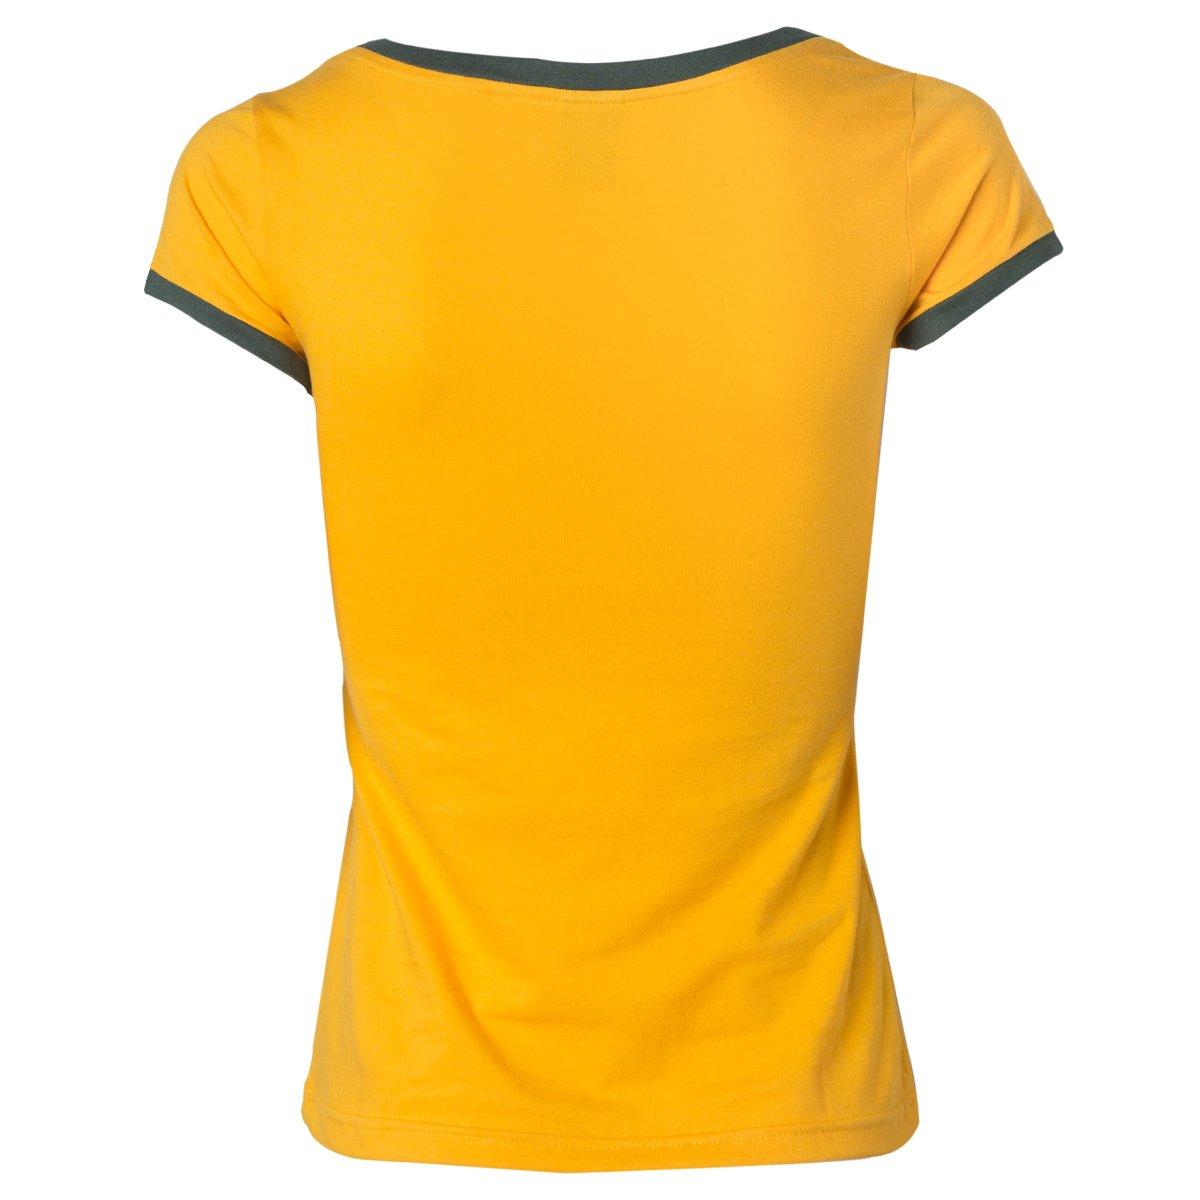 786cf8ad25 ... Camisa Baby Look Seleção Do Brasil Torcedor Retrô Gol Cotton Basic  Feminina ...
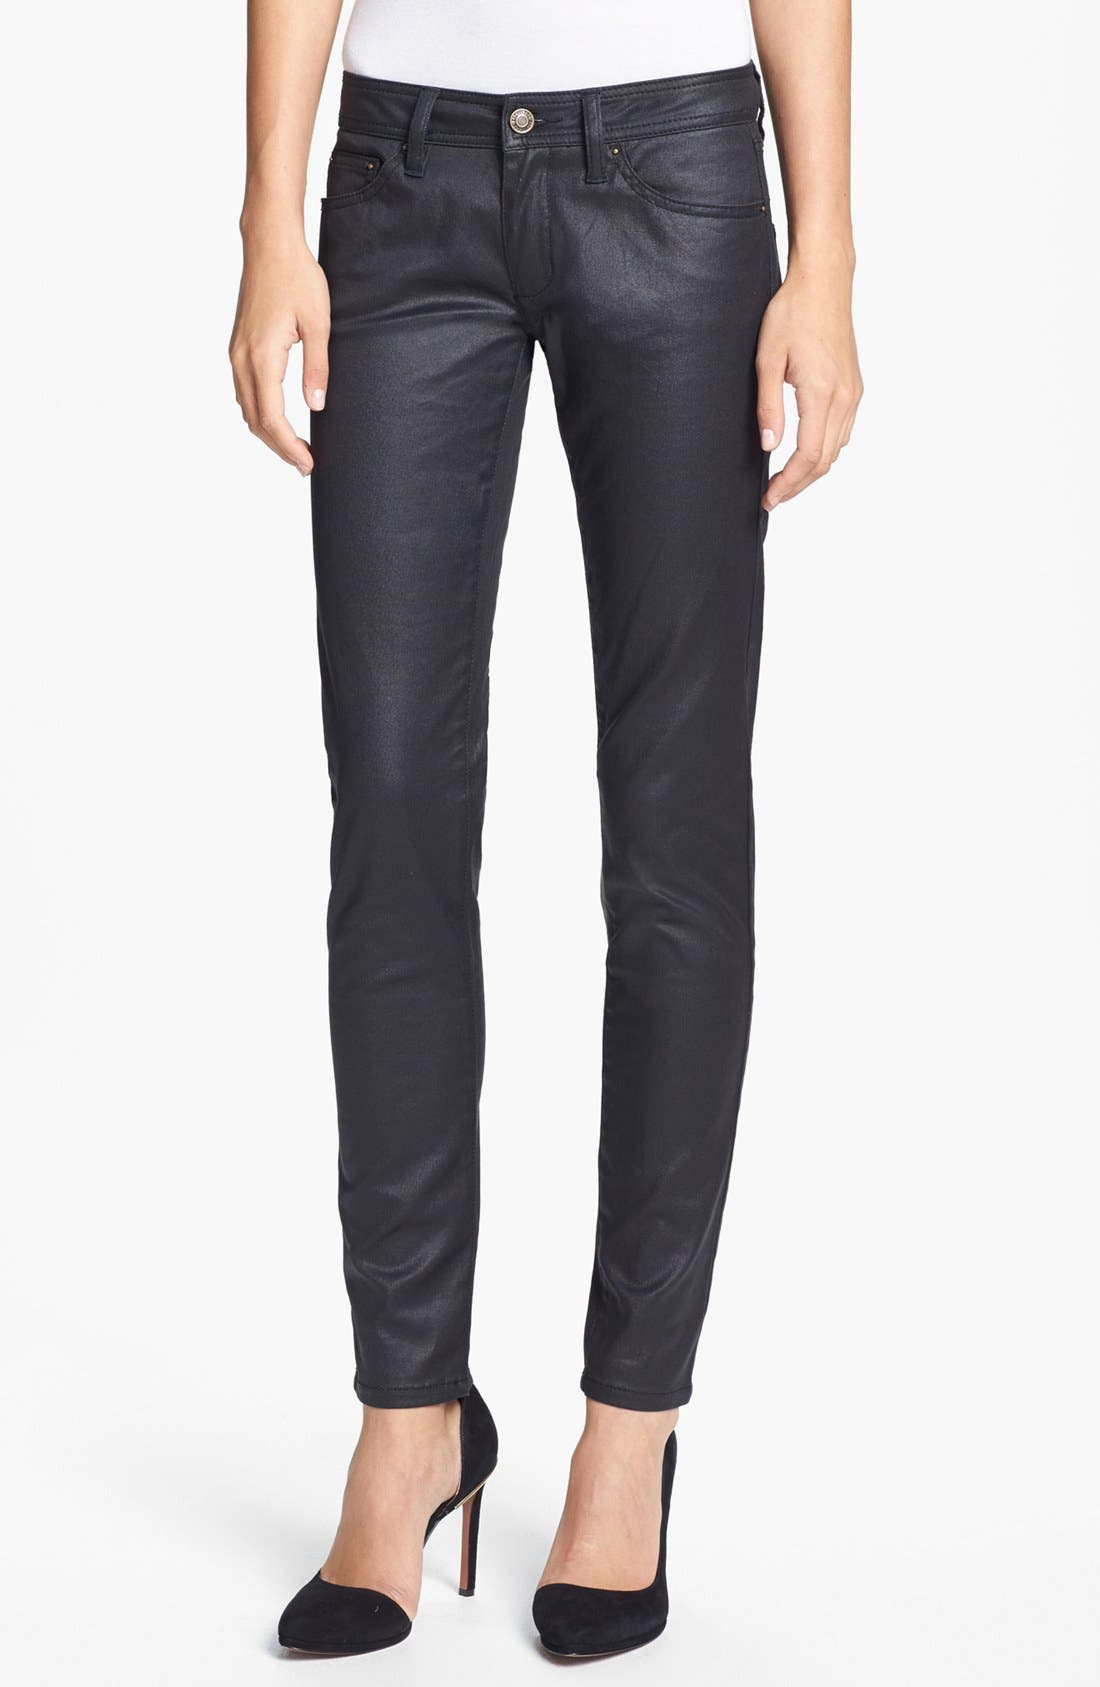 Alternate Image 1 Selected - Rachel Zoe 'Julie' Skinny High Gloss Coated Jeans
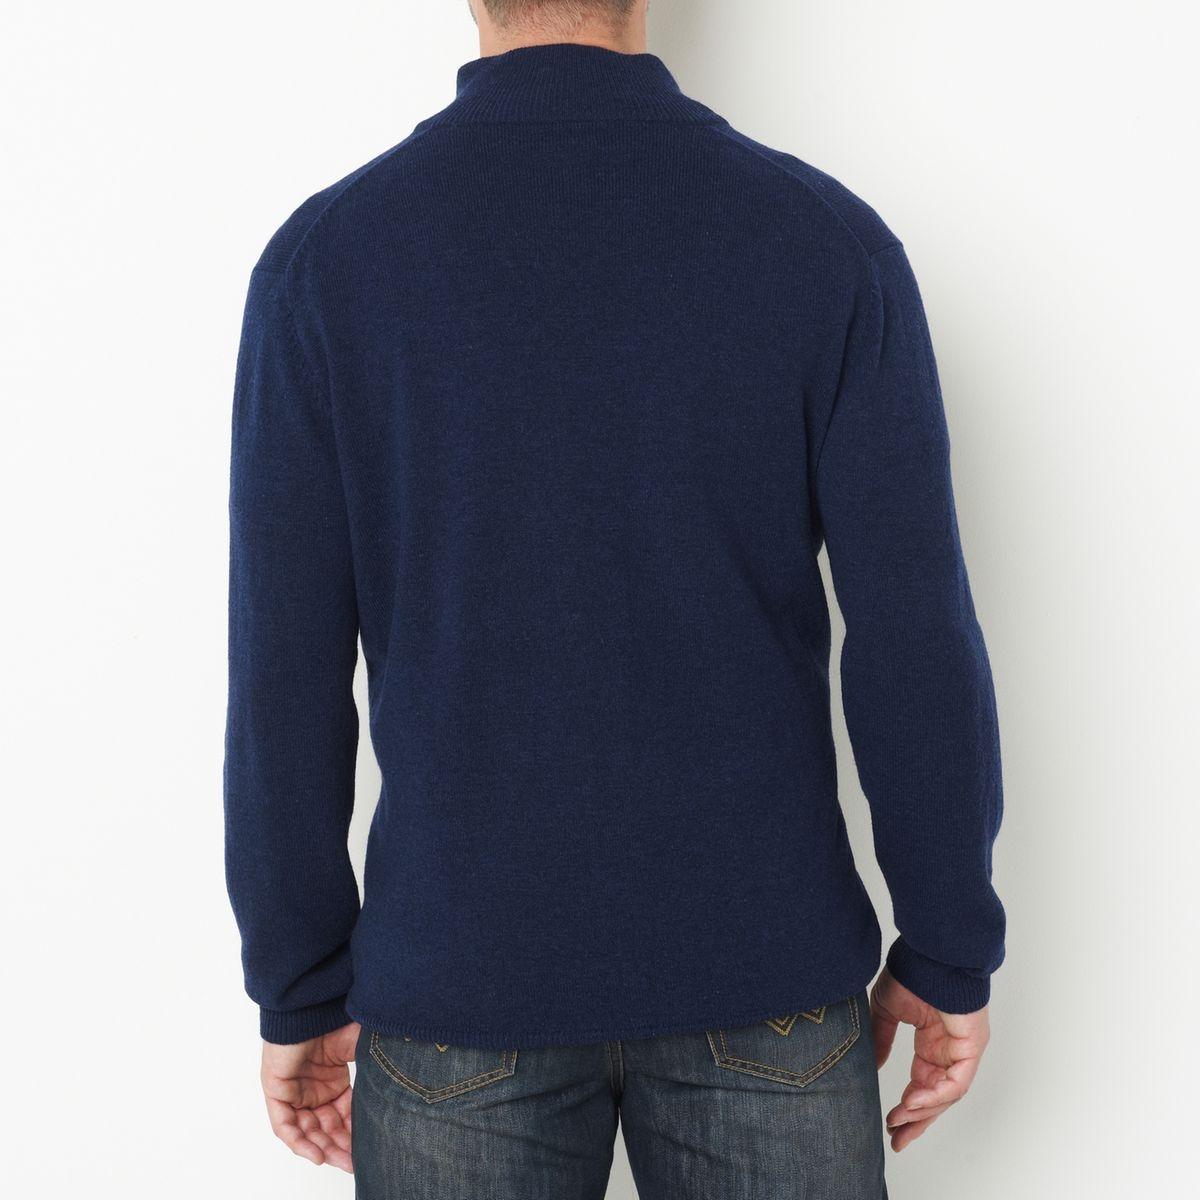 Bleu Rond Et T shirt Royal Homme ModeLifestyle Basil Tifosi Courtes Col Manches rdxhsQCotB
------------------------------------
Exercise prompt:
Each line above is to be transcribed exactly, though its pictures are not.

Response to this exercise:
 786cf8ad25 ... Camisa Baby Look Seleção Do Brasil Torcedor Retrô Gol Cotton Basic  Feminina ...
 Alternate Image 1 Selected - Rachel Zoe 'Julie' Skinny High Gloss Coated Jeans
 Bleu Rond Et T shirt Royal Homme ModeLifestyle Basil Tifosi Courtes Col Manches rdxhsQCotB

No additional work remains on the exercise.